To use it, choose "New Job" from the file menu and select "Create Custom Plug-in" in the "New Job" window that will pop up.

"New Plug-in Name" - First, name the plug-in anything you like. If you name the plug-in a name that you have used already, it will ask if you want to replace it. The plug-ins are stored at "~/Library/Xgrid/Plug-ins/Plugin_name.xgplug".

"Command" - Next, give it a command to execute. This command will be TAR'ed (stored in "~/Library/Xgrid/Plug-ins/_name_.xgplug/Contents/_name_.plist" in the "Tarred Executable" key value pair) and copied to all of the agents when you run the job. So if you have agents running Mac OS X 10.2 and Mac OS X 10.3, you can't specify a system binary like /bin/sh because the 10.2 and 10.3 binaries for /bin/sh are completely incompatible. So if you are using 10.3 and you specify /bin/sh as the command, the 10.3 /bin/sh from the computer you are using will be copied to all of the agents. So if you downloaded the Darwin source code and you actually changed your /bin/sh, that is what will be copied to all of the agents. It will NOT use the agent's own /bin/sh. To overcome this hurdle, simply use a script as the command! Or if you know C, you can always write your own binary command.

"Working Dir" - The "Working Dir" is a directory on your client that will be copied to each agent, and it will be where the shell's working directory is (the result of "pwd" on the agent will be this directory--see below for more information about the actual path on the agent).

You do not want to specify a directory with lots of contents. In fact, you should try to keep this as slim as possible. You must specify a working directory and a destination (see below) if your command creates files and you want those files back.

Concerning the path of the working directory and the command. Your command will be copied to a folder named /tmp/xgagent.yFd6RNZg, where "yFd6RNZg" is random and will always be different for each job. Your working directory will be in a similarly named folder, but it will not be the same folder. So if when a job runs with a working directory, you will have 2 folders, one containing the command, the other containing the working directory, like this:

/tmp/xgagent.yFd6RNZg (command)
/tmp/xgagent.bLaHB14h (working directory)

If you have a binary for your command, and it requires library files, you will either have install the libraries on each agent, or put them in the "Working Dir" folder and get your binary to look in a randomly named folder (/tmp/xgagent.????????/) for the libraries. I don't even know if that is possible.

Another way to get files to agents is for an agent job to run "/usr/bin/curl -O" to download files off of a webserver. I had to do this as I tested Xgrid because my jobs were too large and would timeout while transferring from the client to the controller. Of course, I would only do this if you had to.

"Argument n" - Specify the number and type of arguments. You have a few choices: "Literal", "Range", "Random", "File", and "Filelist".

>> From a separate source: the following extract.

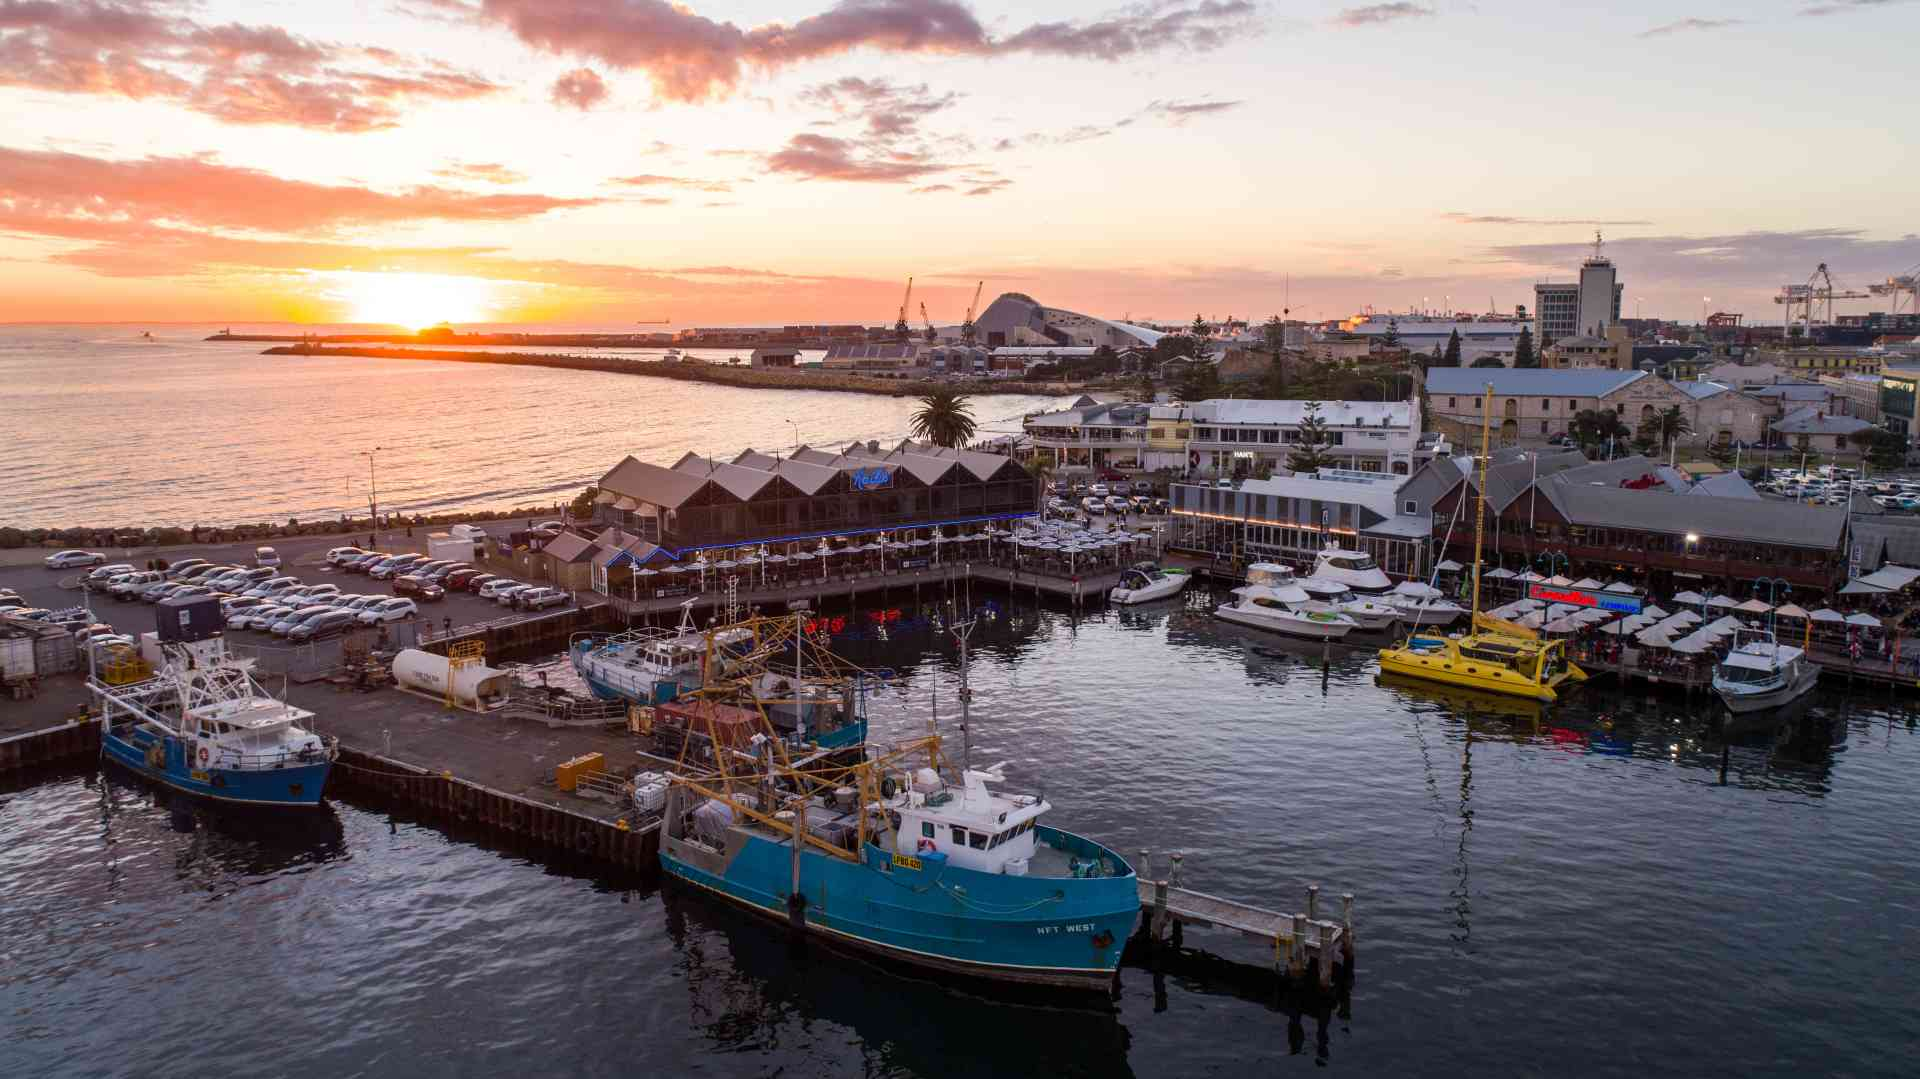 Fremantle Fishing Boat Harbour, Western Australia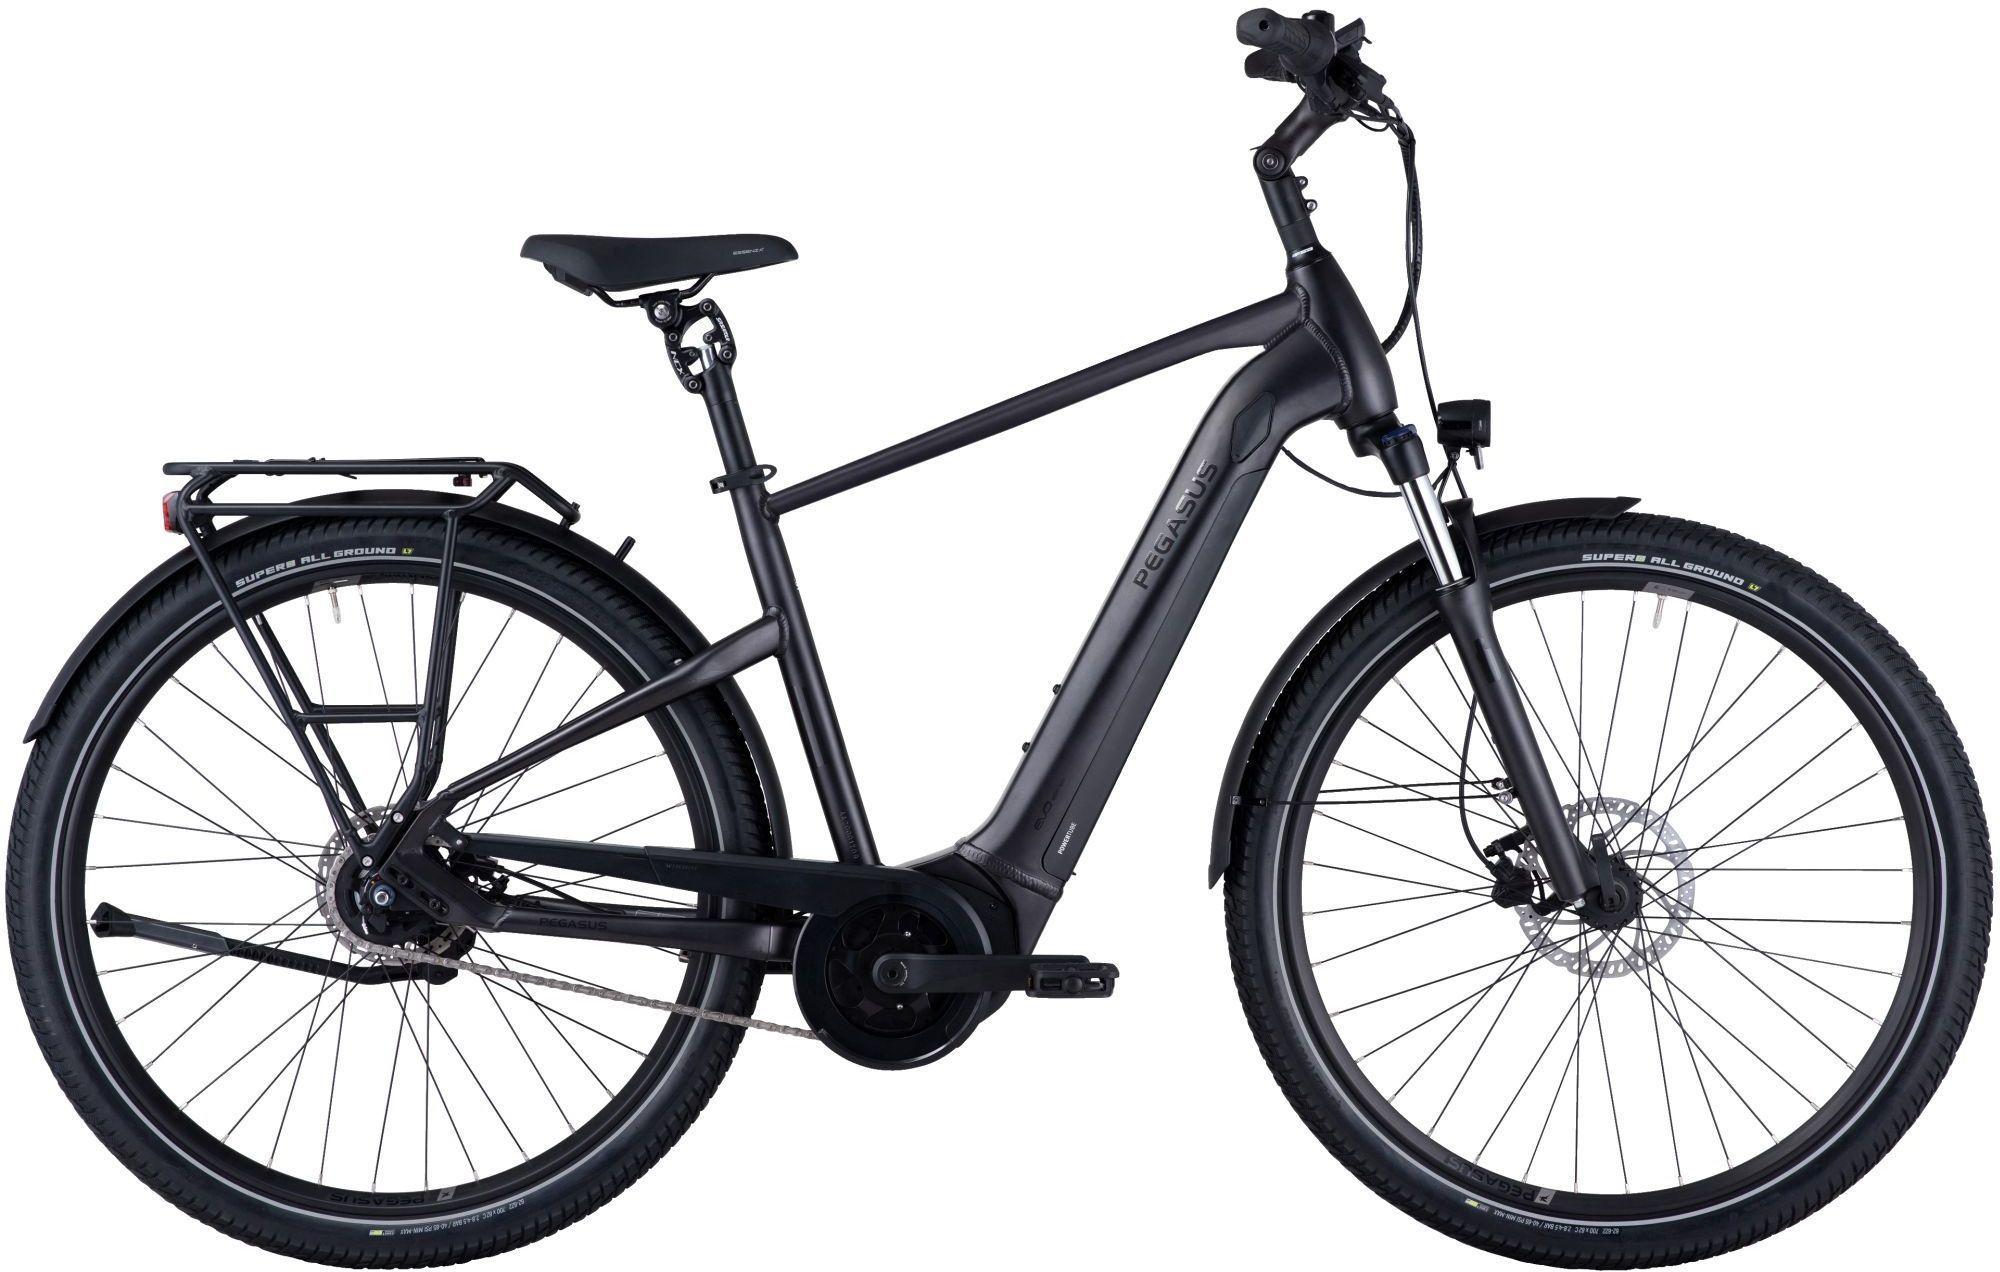 E-Bikes/Citybikes: Diamant  Savino EVO 5R Performance (400 Wh) 5 Gang Nabenschaltung Herrenfahrrad Diamant Modell 2021 28 Zoll 40 cm shimano gr

"Literal" will use a literal value that you specify. You CAN NOT put spaces in the values here. If you do, you will crash the GridAgent on each agent (as of Tech Preview 1). That really sucks, so don't do it. If this is your only argument, then your job will only run on one agent.

"Range" will use numbers. You specify the start, end, and step values. This argument will create as many jobs as there are values. If you specify 1 to 10 by 1, you have 10 jobs. If you specify 1 to 10 by 2, you have 5 jobs: 1, 3, 5, 7, 9 (not sure if 10 will be a job or not, so maybe you have 6 jobs...?).

"Random" lets you specify how many jobs there are, and the range of random numbers. I do not know if there is duplication of numbers (as is normal with random number generators), or if it only uses a number once.

"File" copies one input file to all the nodes and uses it as an argument to the command (I haven't tested it, so I'm not sure that is what it does).

"Filelist" uses each file as a job. So if you have a folder with 10 files, you have 10 jobs. Each file will be sent to the agent (stored in the working directory). The command will receive the path of the file as an argument.

You can only have 251 files by default (Tech Preview 1--maybe this will be fixed in a later release). The reason why is that Unix kernels have a setting that limits the number of open files for each process, called "Open File Descriptor". On Mac OS X 10.2 and 10.3, that number is 256. You can easily extend that number using the Terminal.app.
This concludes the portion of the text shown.